**Assigned task:** An exact copy of the data below is needed; please leave out any pictures.

**Supplied material:**
━━━━━━━━━━━━━━━━━━━━

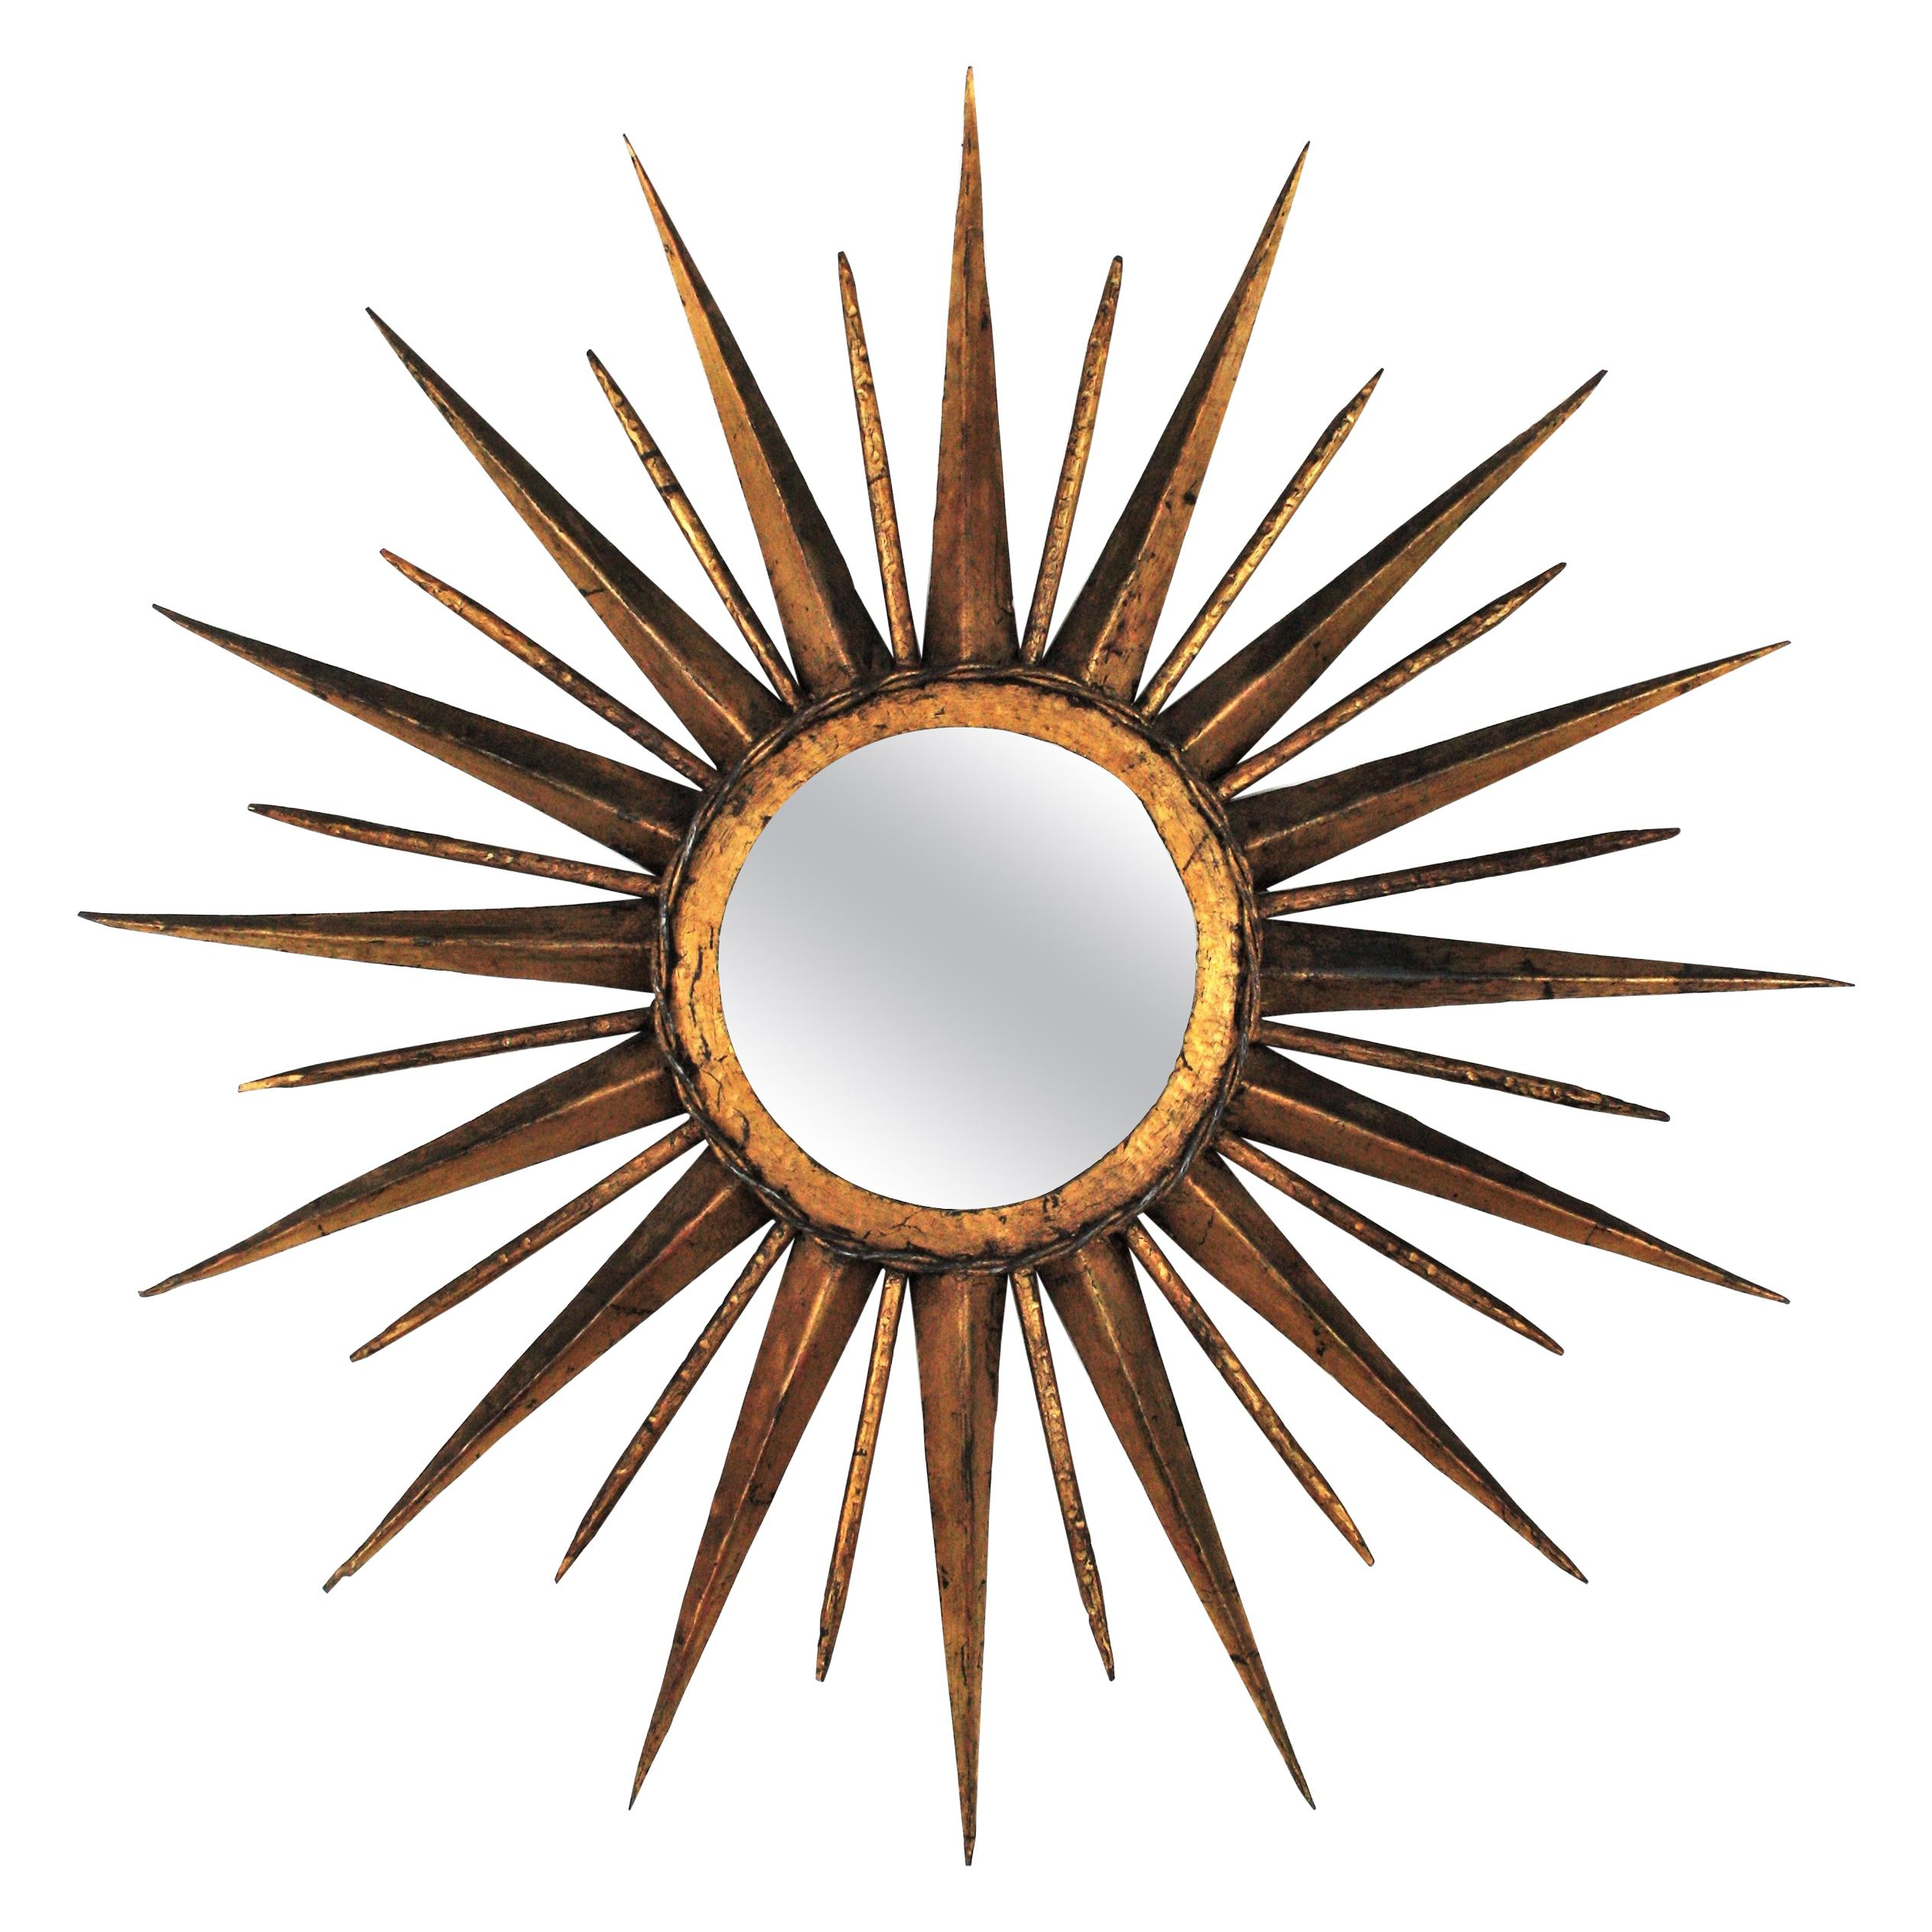 French Sunburst Starburst Mirror in Gilt Iron, Gilbert Poillerat Style
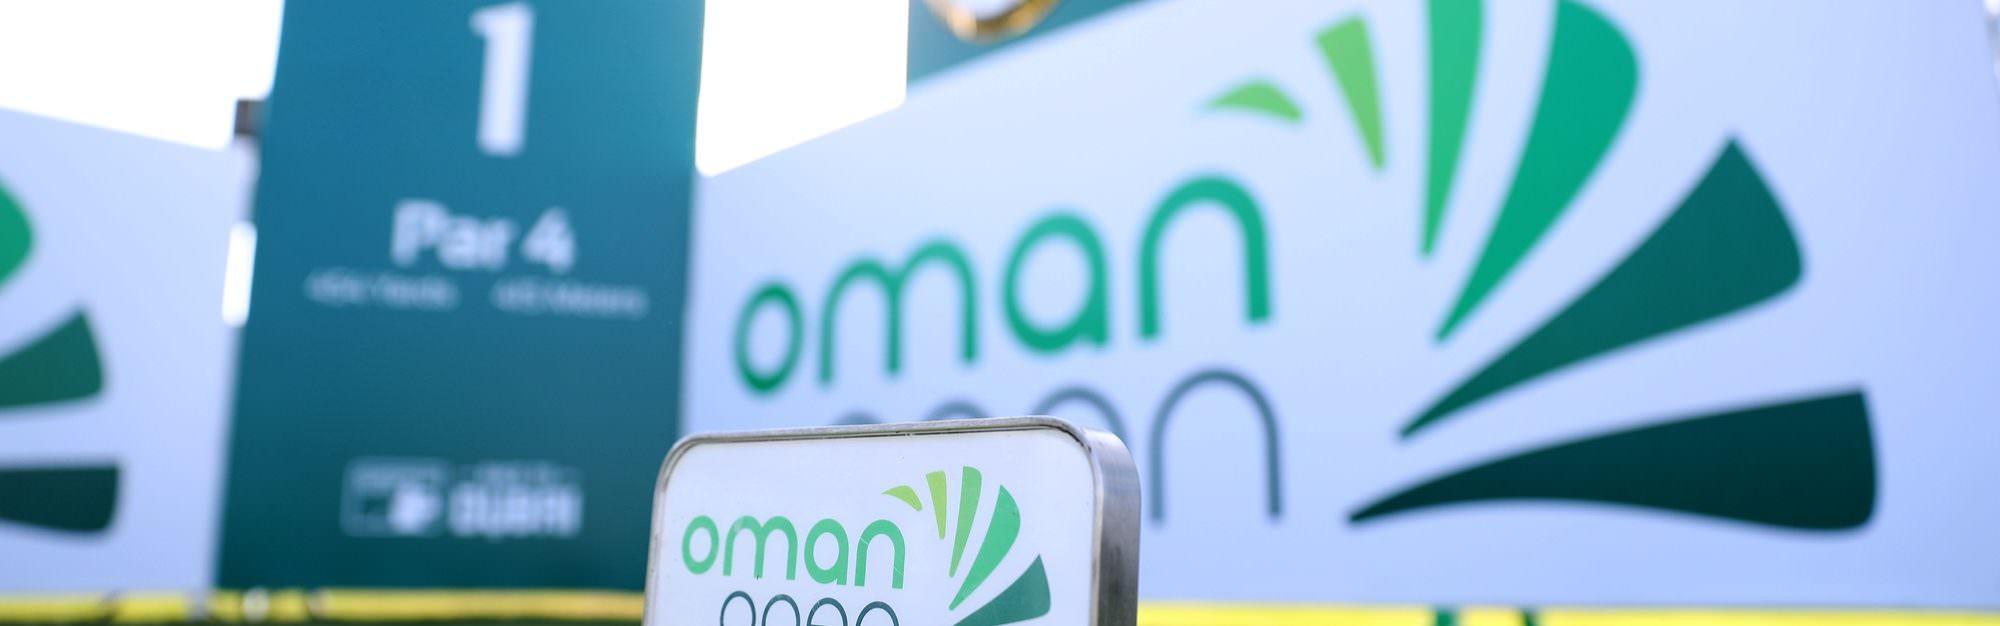 Oman Open prize money
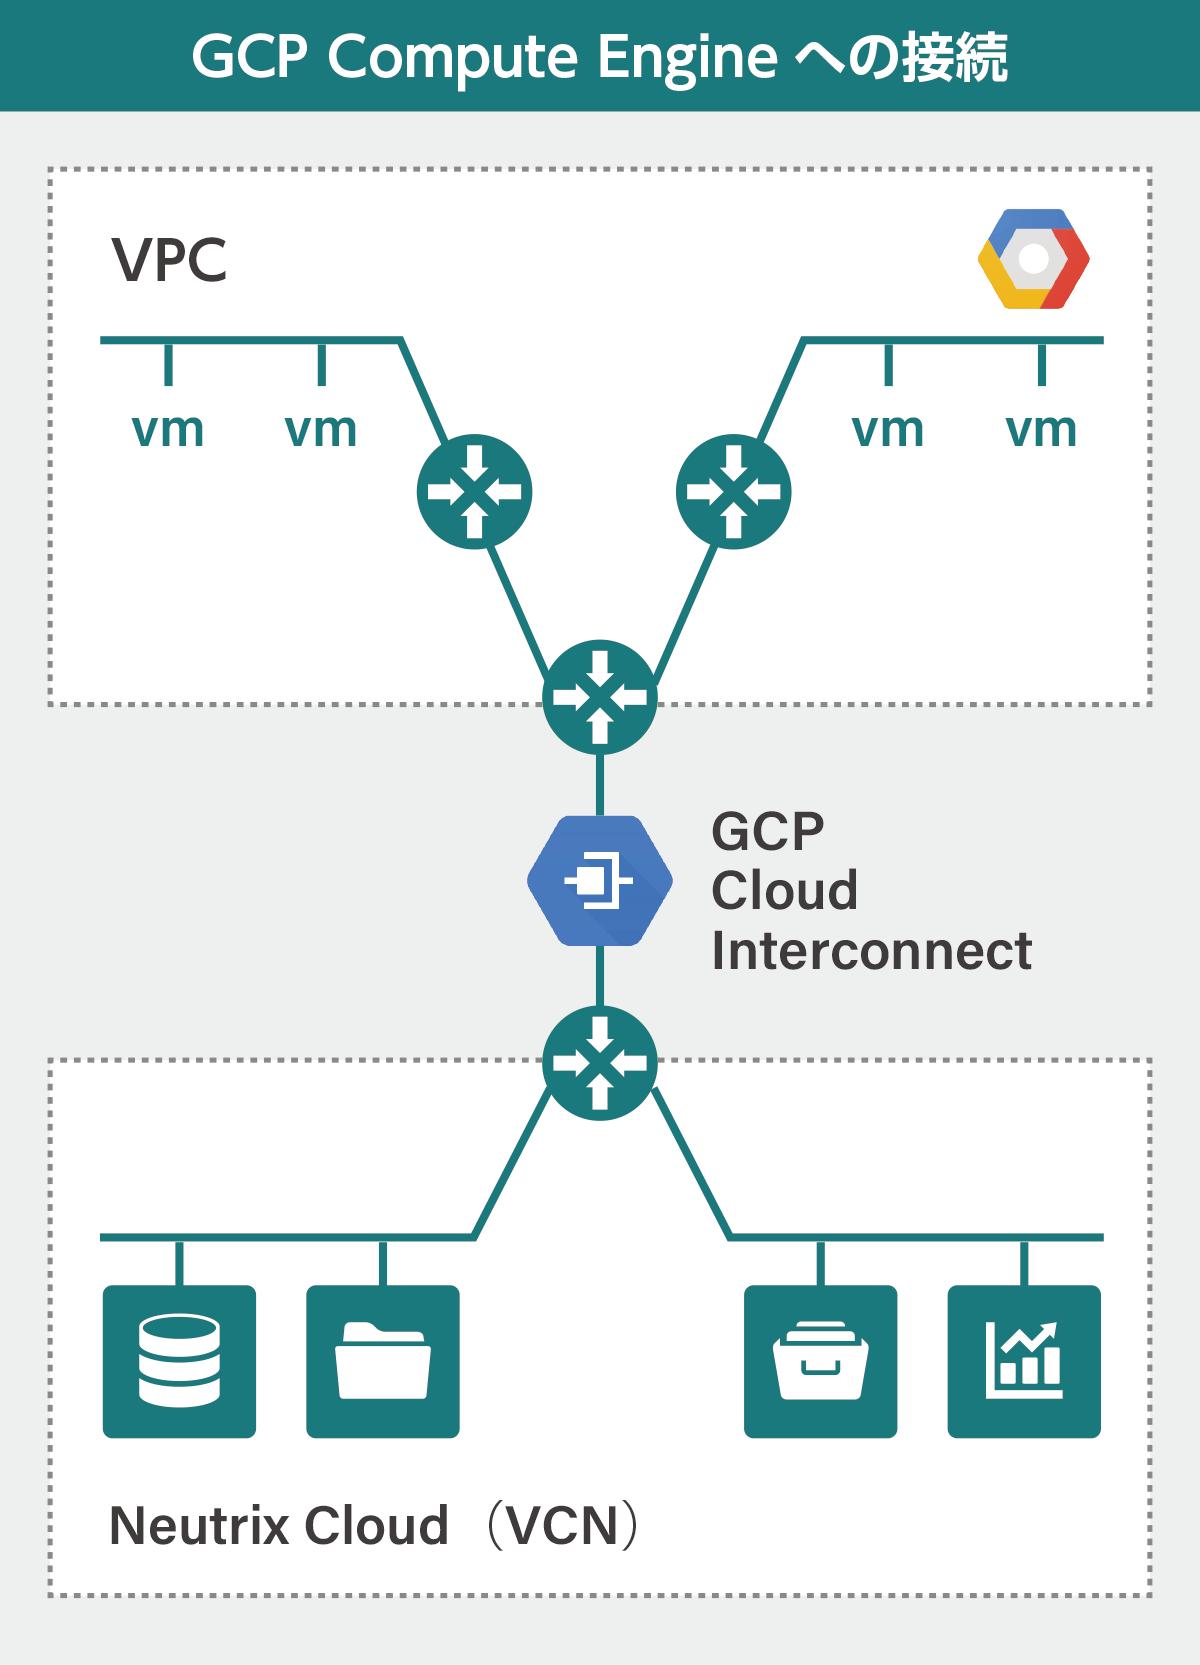 GCP(GCP➡Neutrix Cloud クラウド接続ストレージ)
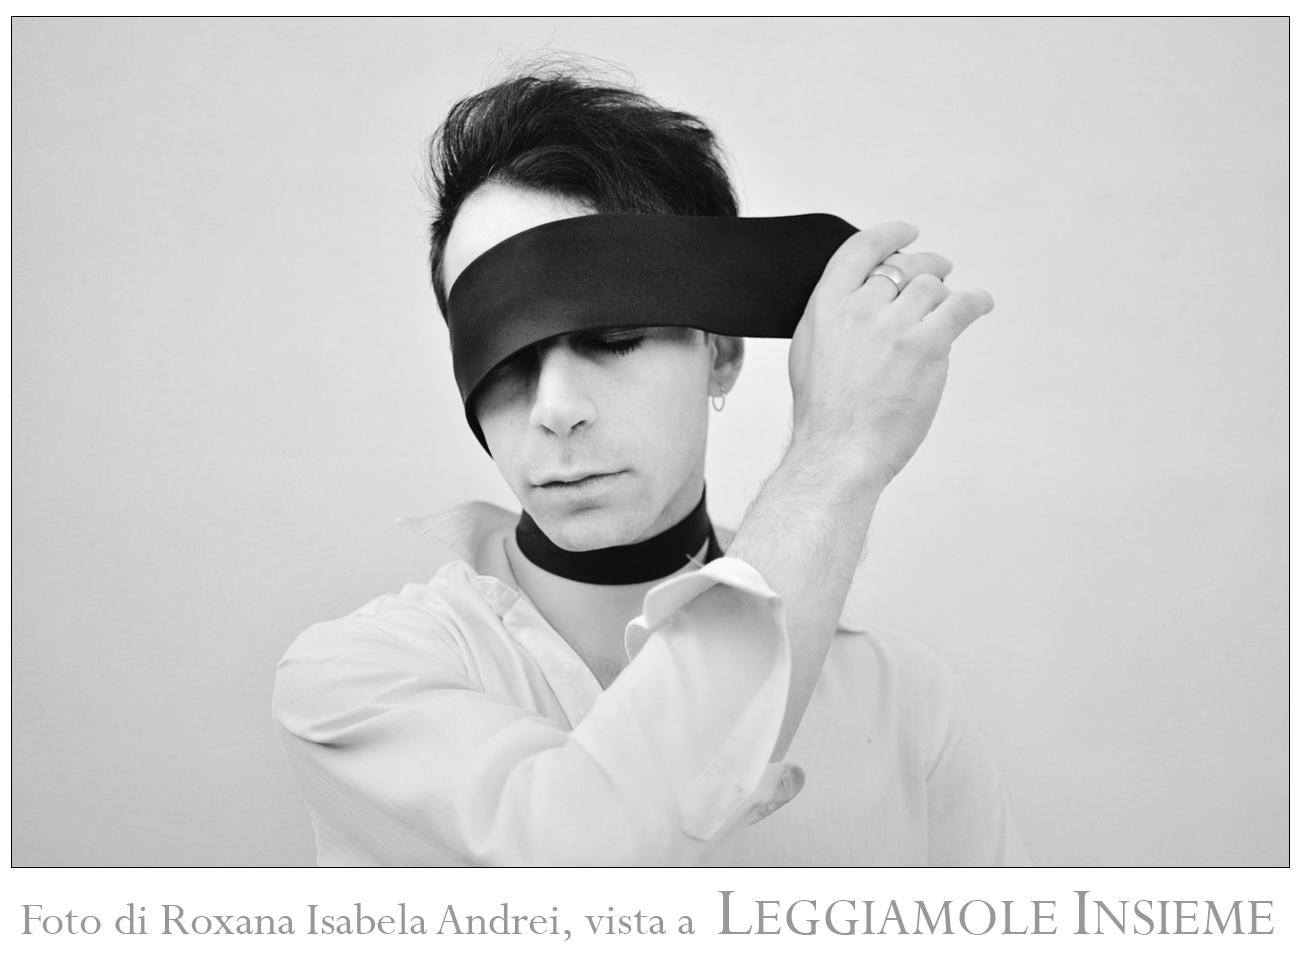 Roxana_Isabela_Andrei

━━━━━━━━━━━━━━━━━━━━

**Expected answer:**
 French Sunburst Starburst Mirror in Gilt Iron, Gilbert Poillerat Style
 Oman Open prize money
 GCP(GCP➡Neutrix Cloud クラウド接続ストレージ)
 Roxana_Isabela_Andrei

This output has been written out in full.